Repeat the data exactly. Pictures stay out.

Available data:
Start of Block

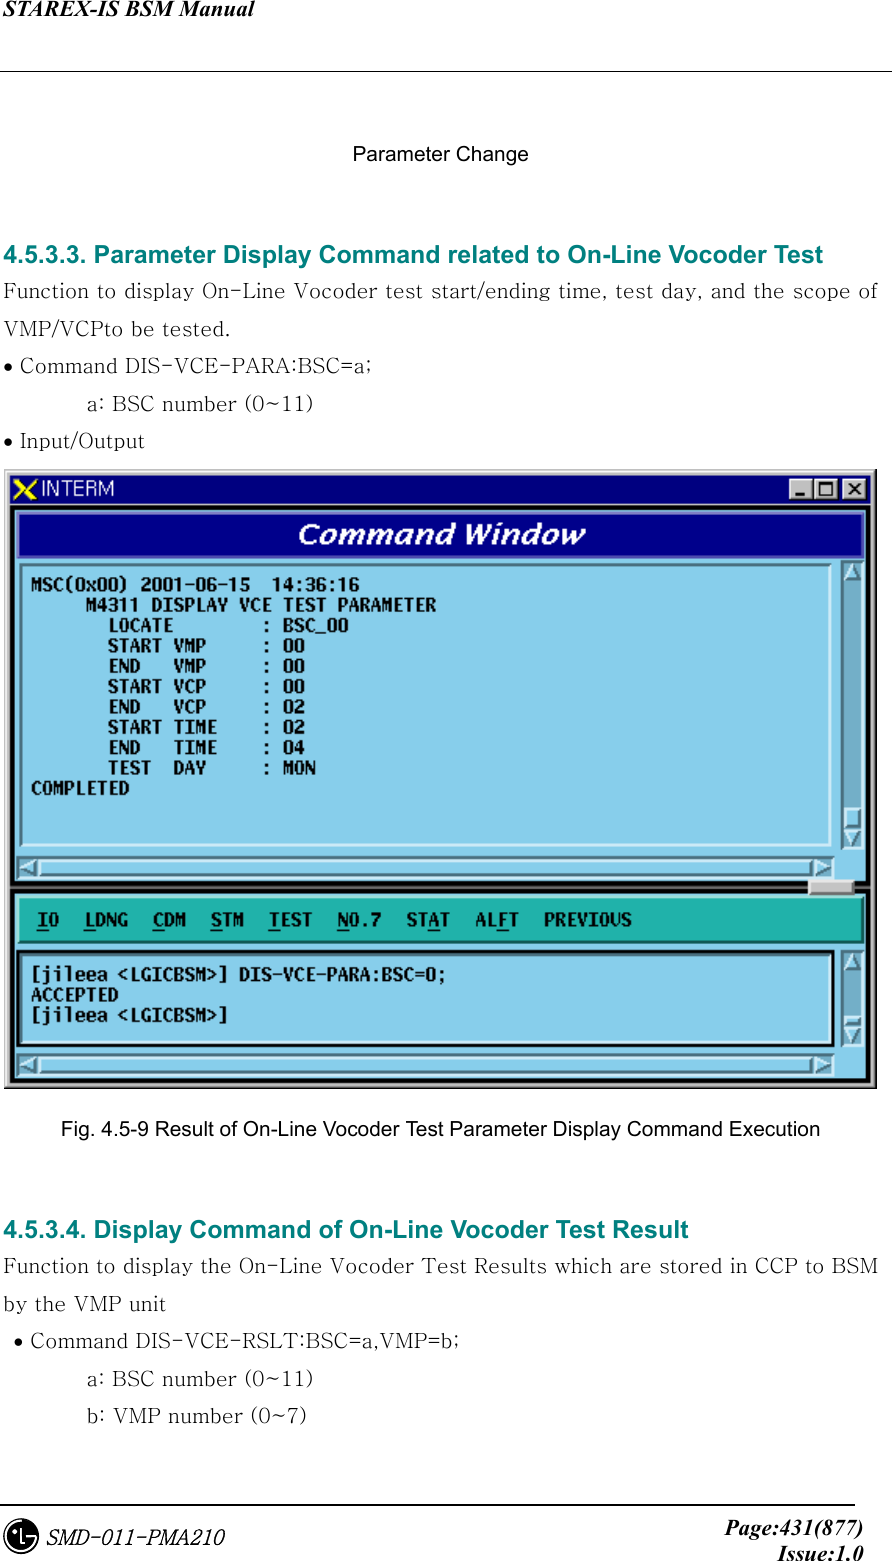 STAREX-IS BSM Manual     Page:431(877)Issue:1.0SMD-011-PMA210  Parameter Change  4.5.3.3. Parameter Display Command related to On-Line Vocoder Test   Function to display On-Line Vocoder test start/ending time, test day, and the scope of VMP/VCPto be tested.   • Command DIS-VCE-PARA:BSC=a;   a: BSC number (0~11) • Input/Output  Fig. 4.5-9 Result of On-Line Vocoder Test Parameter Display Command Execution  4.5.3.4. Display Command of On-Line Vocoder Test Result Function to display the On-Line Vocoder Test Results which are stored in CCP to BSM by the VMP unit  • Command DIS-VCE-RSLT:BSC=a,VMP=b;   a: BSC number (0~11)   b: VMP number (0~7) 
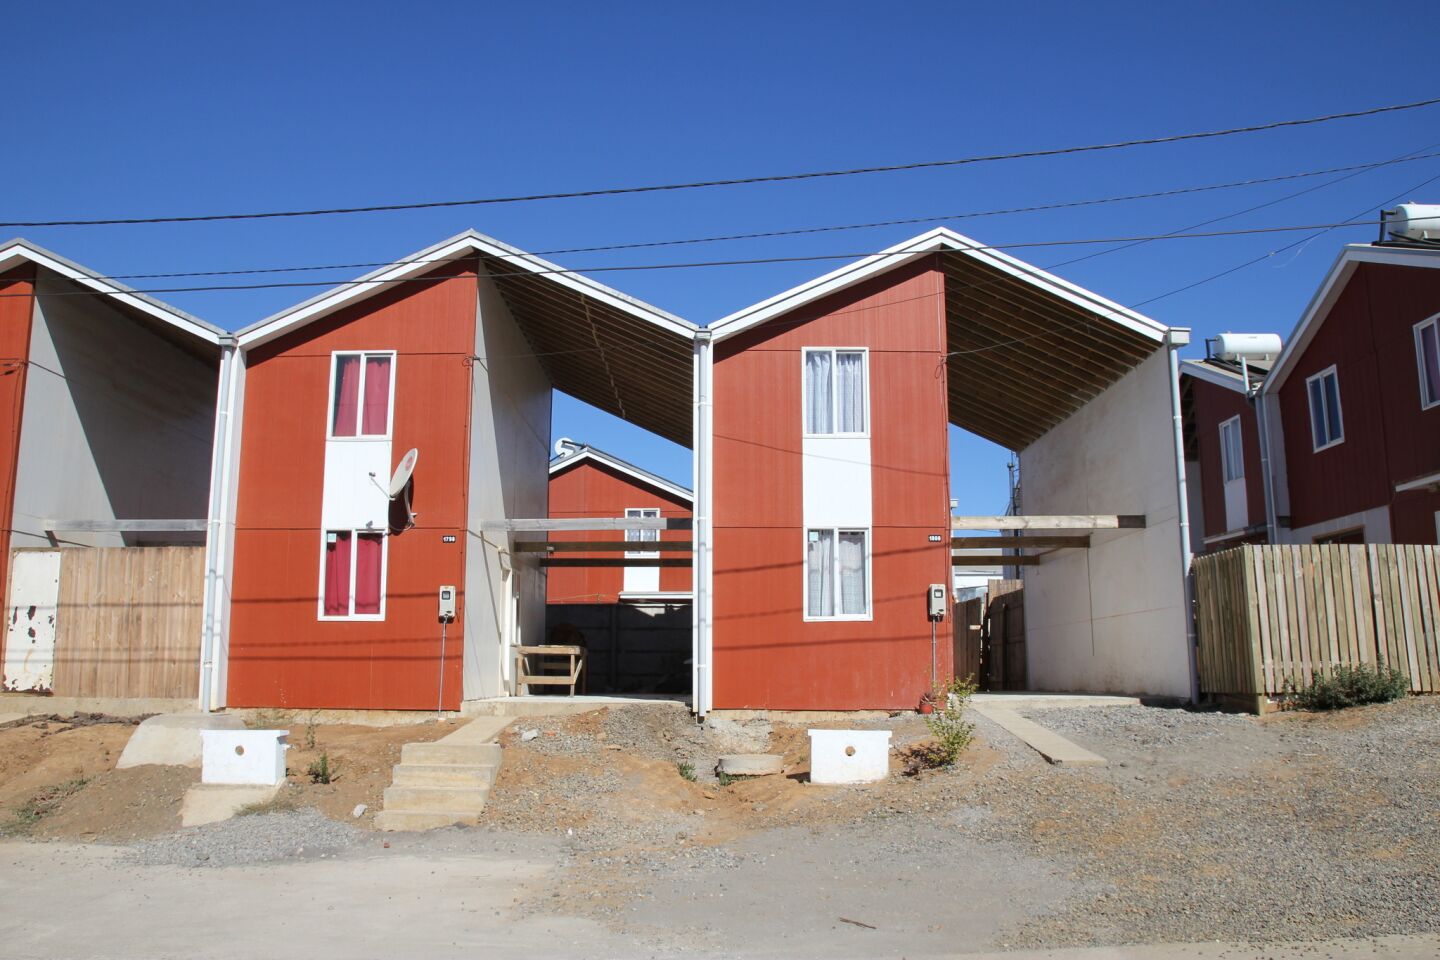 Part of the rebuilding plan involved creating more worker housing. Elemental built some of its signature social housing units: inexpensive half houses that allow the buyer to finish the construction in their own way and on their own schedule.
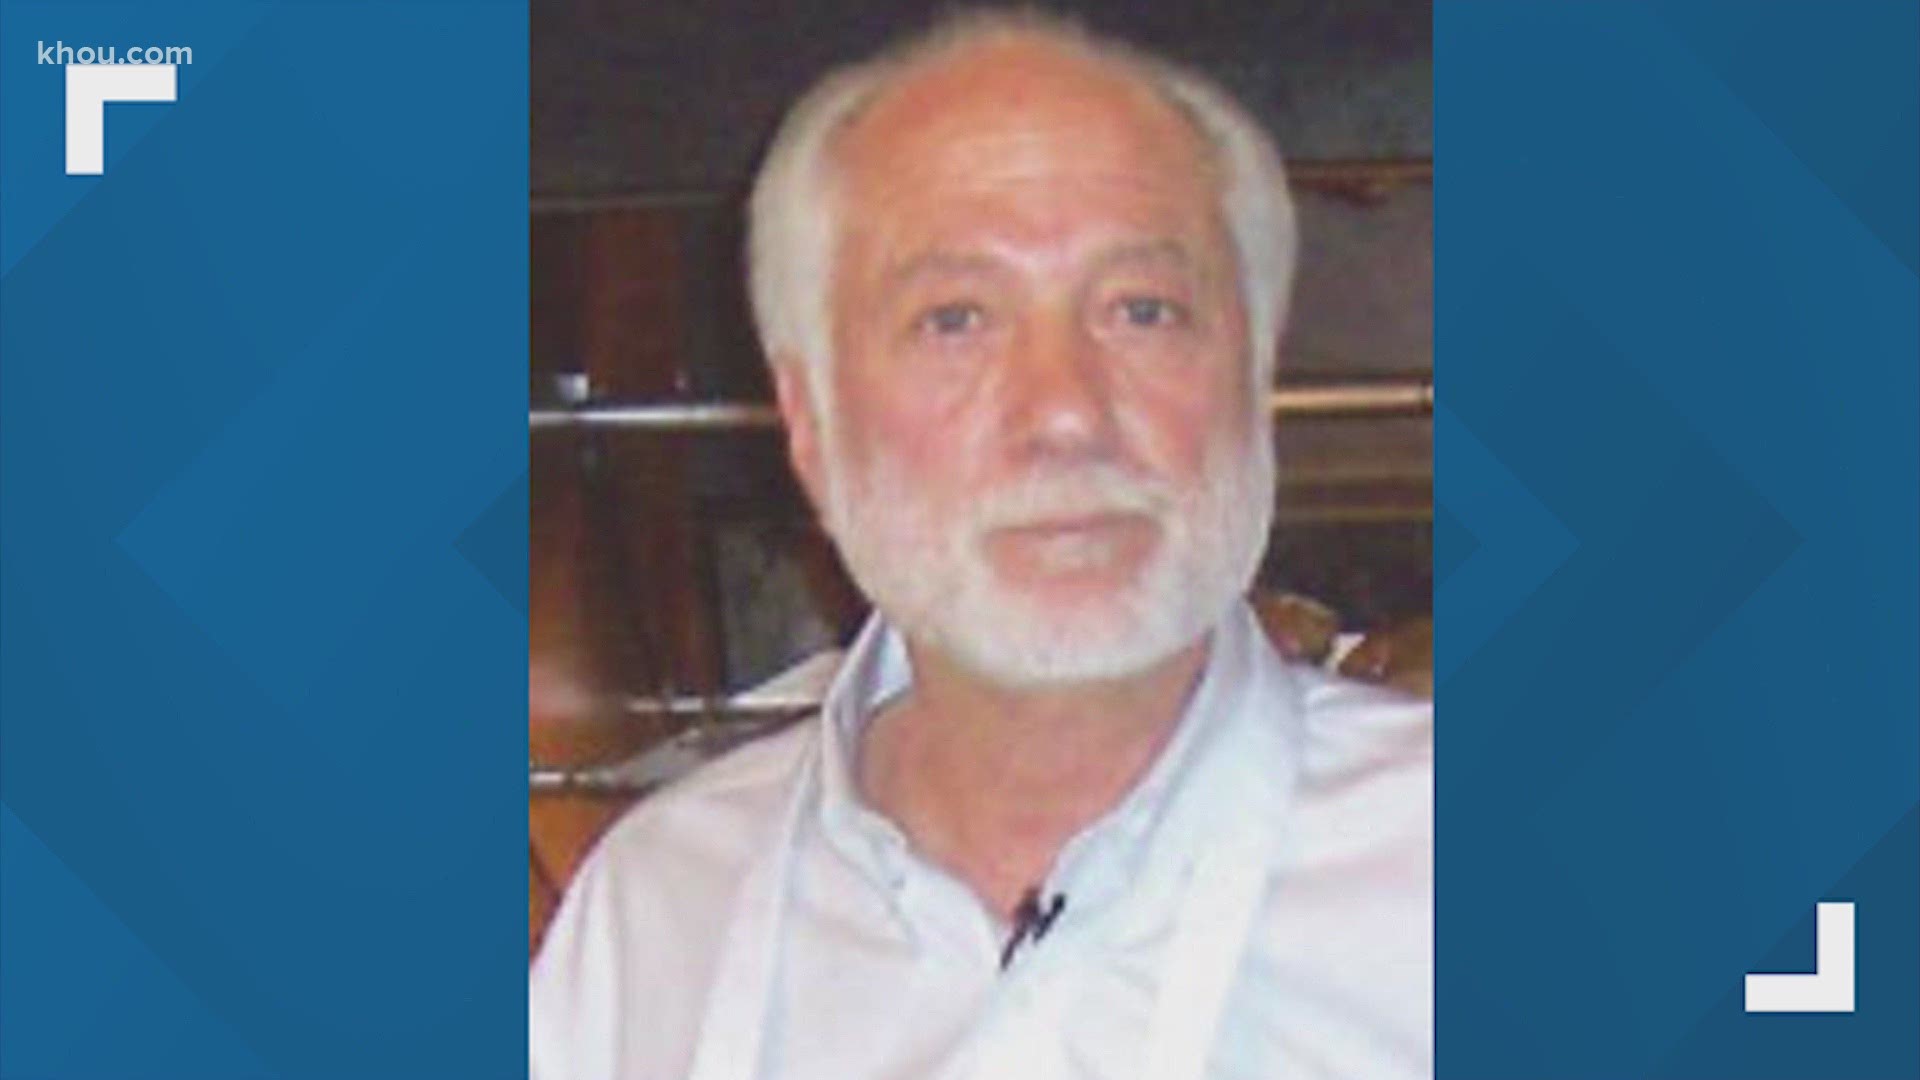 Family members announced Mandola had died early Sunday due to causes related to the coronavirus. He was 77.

End of Block

The completed task:
 STAREX-IS BSM Manual     Page:431(877)Issue:1.0SMD-011-PMA210  Parameter Change  4.5.3.3. Parameter Display Command related to On-Line Vocoder Test   Function to display On-Line Vocoder test start/ending time, test day, and the scope of VMP/VCPto be tested.   • Command DIS-VCE-PARA:BSC=a;   a: BSC number (0~11) • Input/Output  Fig. 4.5-9 Result of On-Line Vocoder Test Parameter Display Command Execution  4.5.3.4. Display Command of On-Line Vocoder Test Result Function to display the On-Line Vocoder Test Results which are stored in CCP to BSM by the VMP unit  • Command DIS-VCE-RSLT:BSC=a,VMP=b;   a: BSC number (0~11)   b: VMP number (0~7) 
 Part of the rebuilding plan involved creating more worker housing. Elemental built some of its signature social housing units: inexpensive half houses that allow the buyer to finish the construction in their own way and on their own schedule.
 Family members announced Mandola had died early Sunday due to causes related to the coronavirus. He was 77.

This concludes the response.